---------- Provided entries ----------

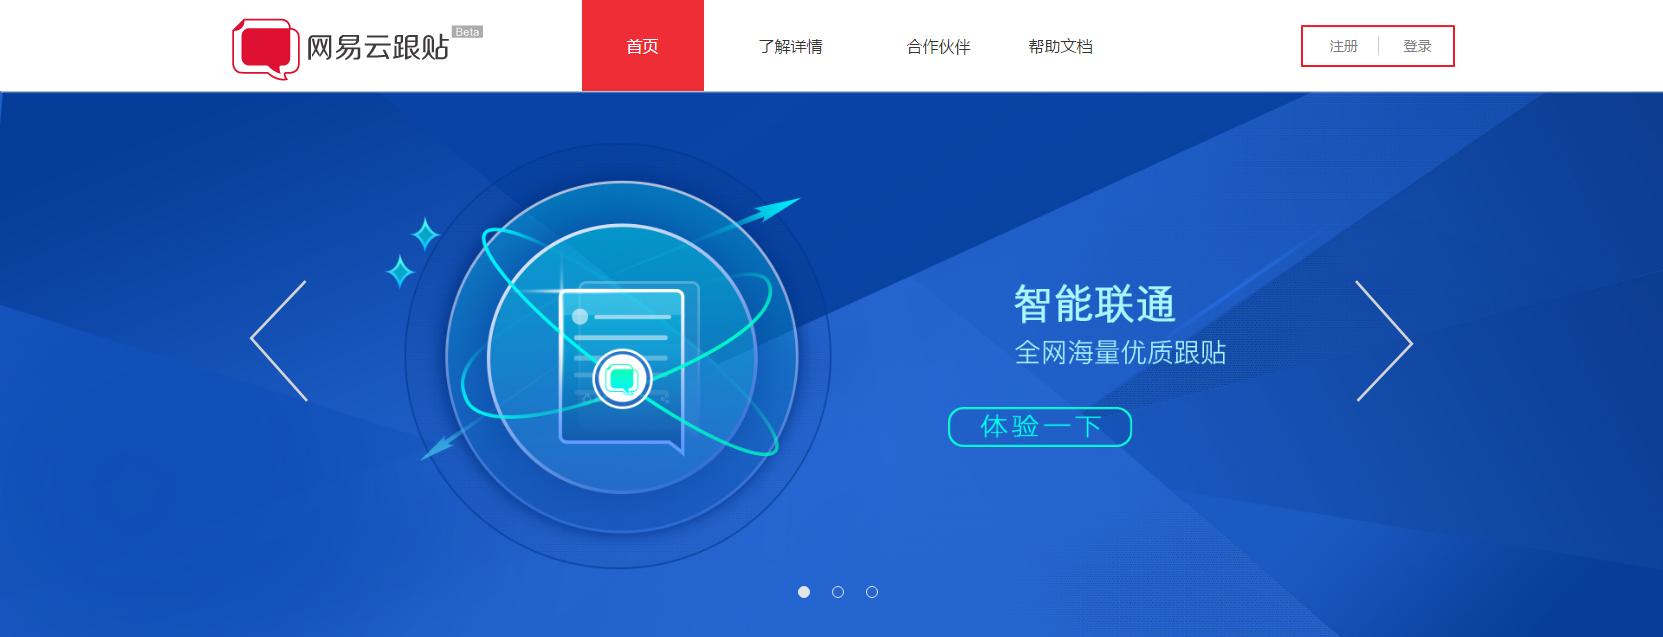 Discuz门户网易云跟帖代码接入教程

----------
---------- Provided entries ----------

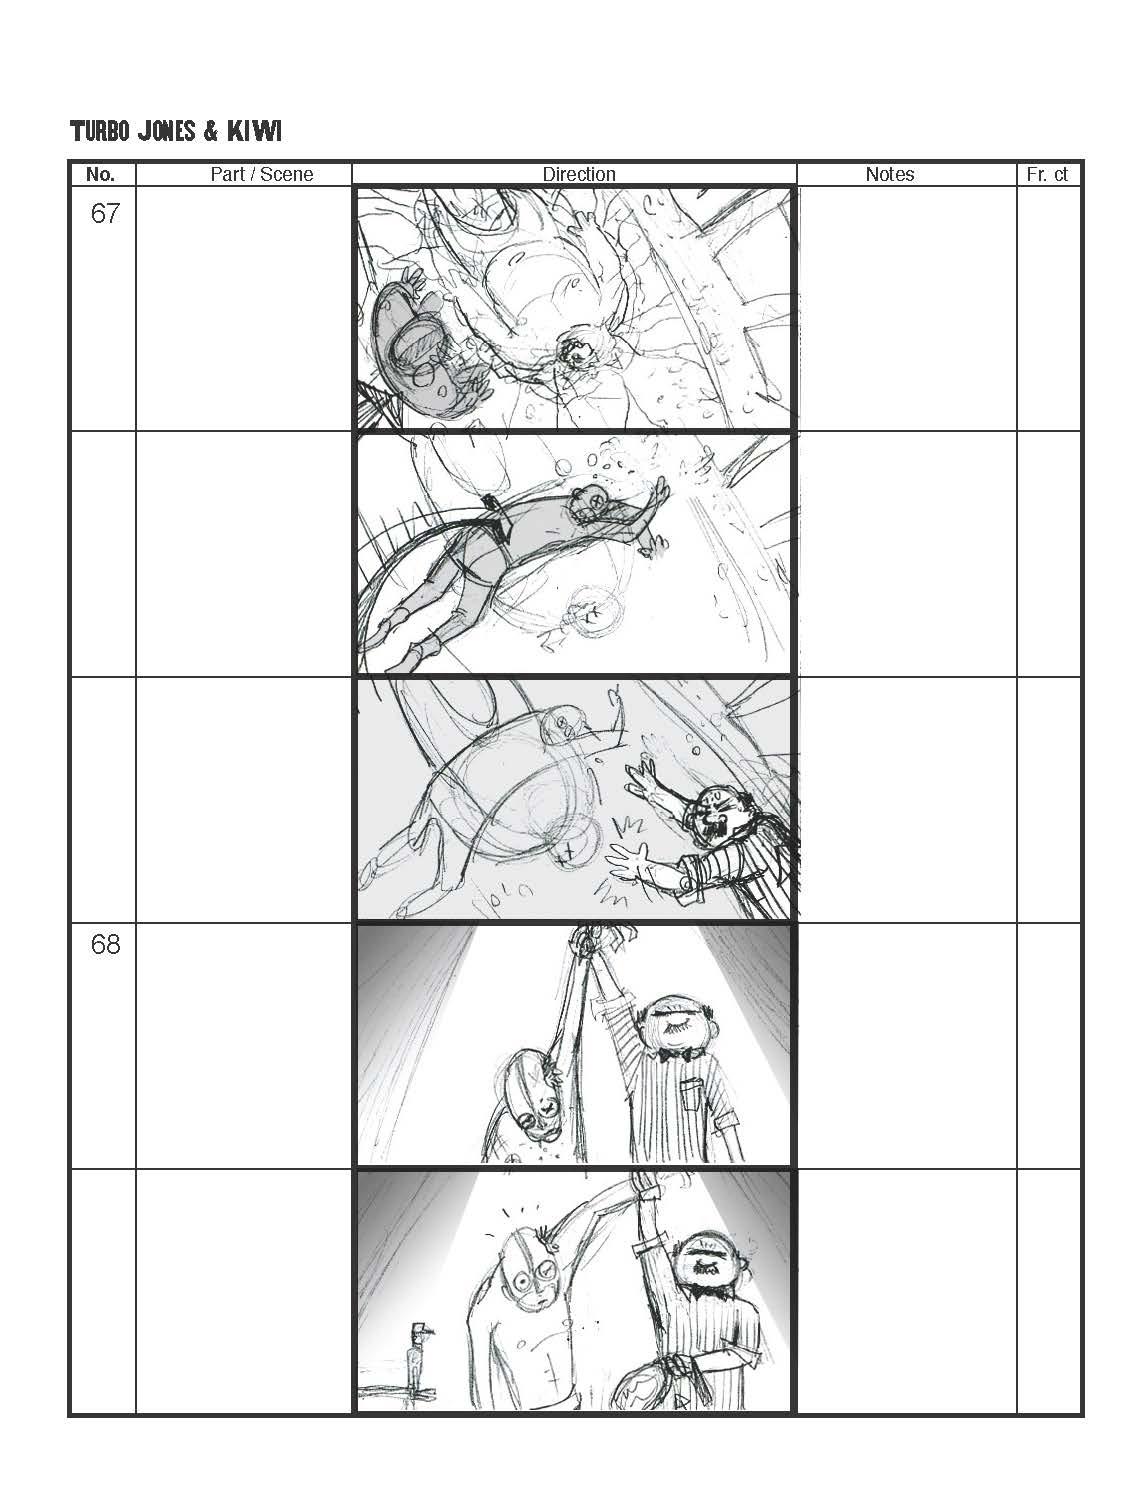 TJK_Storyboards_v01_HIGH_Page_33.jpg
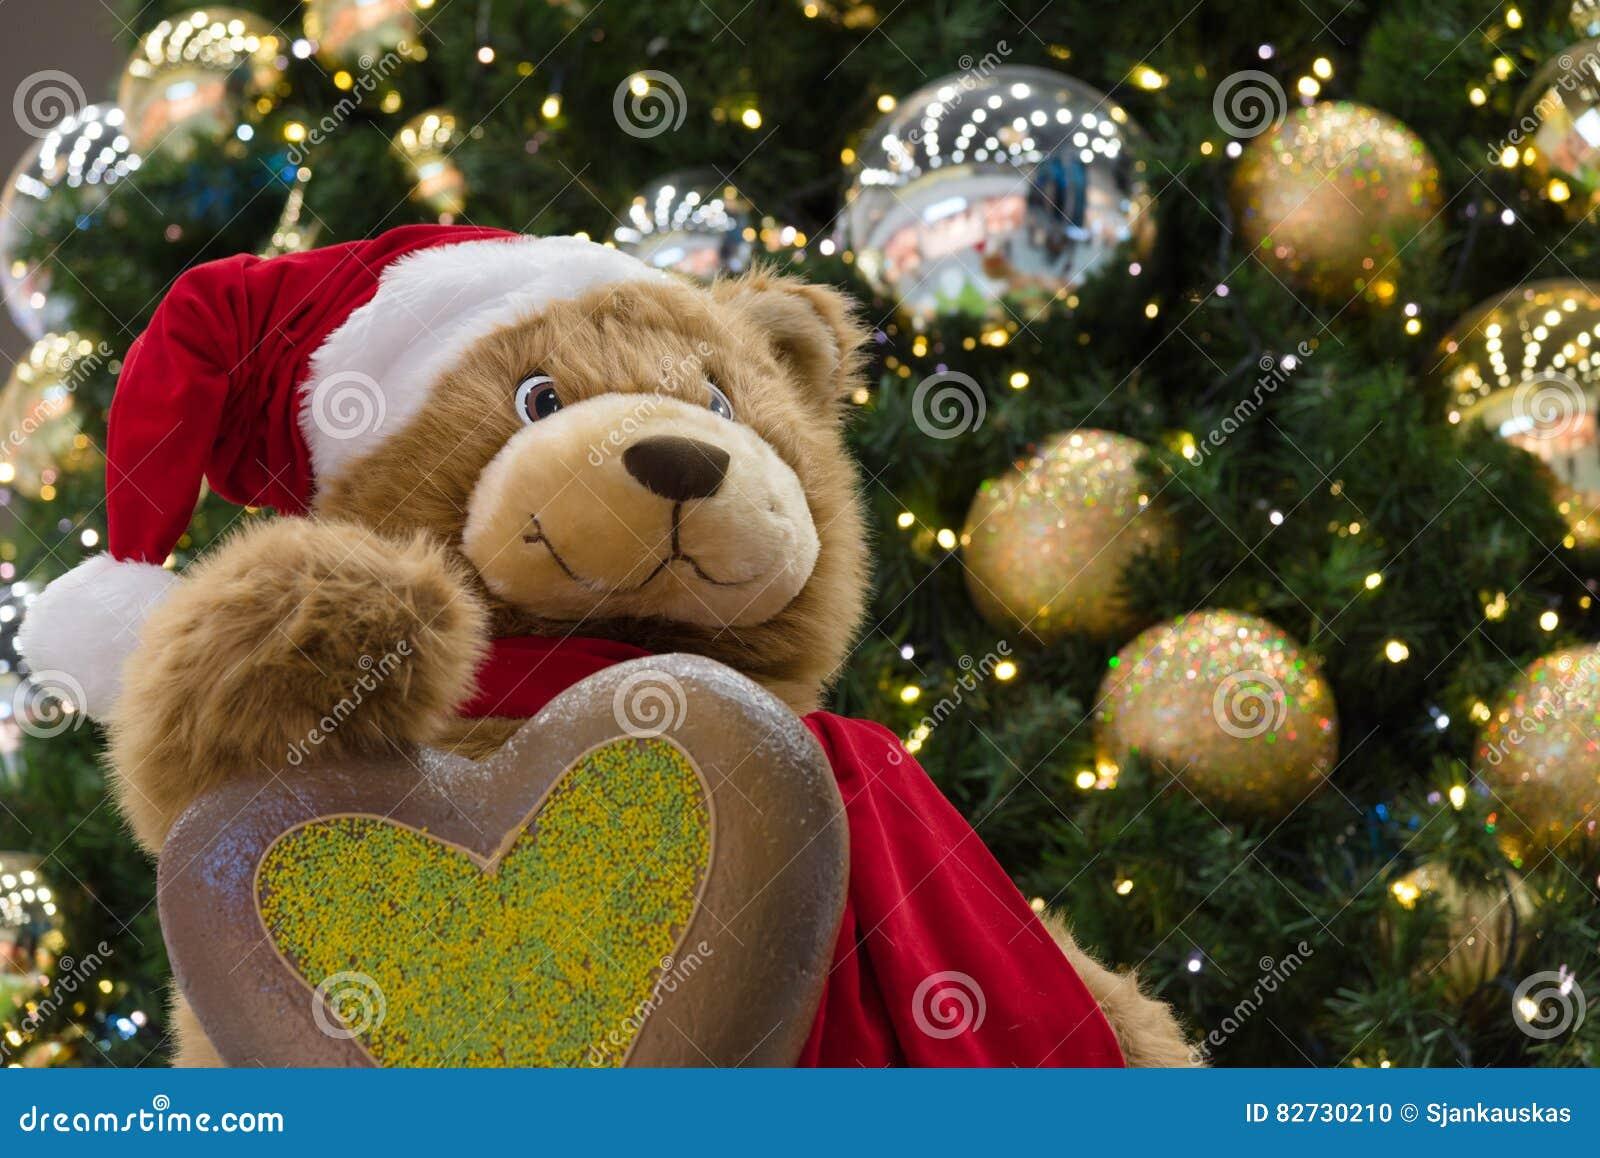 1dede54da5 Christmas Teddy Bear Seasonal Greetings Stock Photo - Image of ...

----------

[Exercise directions]
Would you set down only the lines above from the line with "TJK_Storyboards_v01_HIGH_Page_33.jpg" to the line with "1dede54da5 Christmas Teddy", both included, exactly as they stand and without the pictures?

[Solution to the exercise]
 TJK_Storyboards_v01_HIGH_Page_33.jpg
 1dede54da5 Christmas Teddy Bear Seasonal Greetings Stock Photo - Image of ...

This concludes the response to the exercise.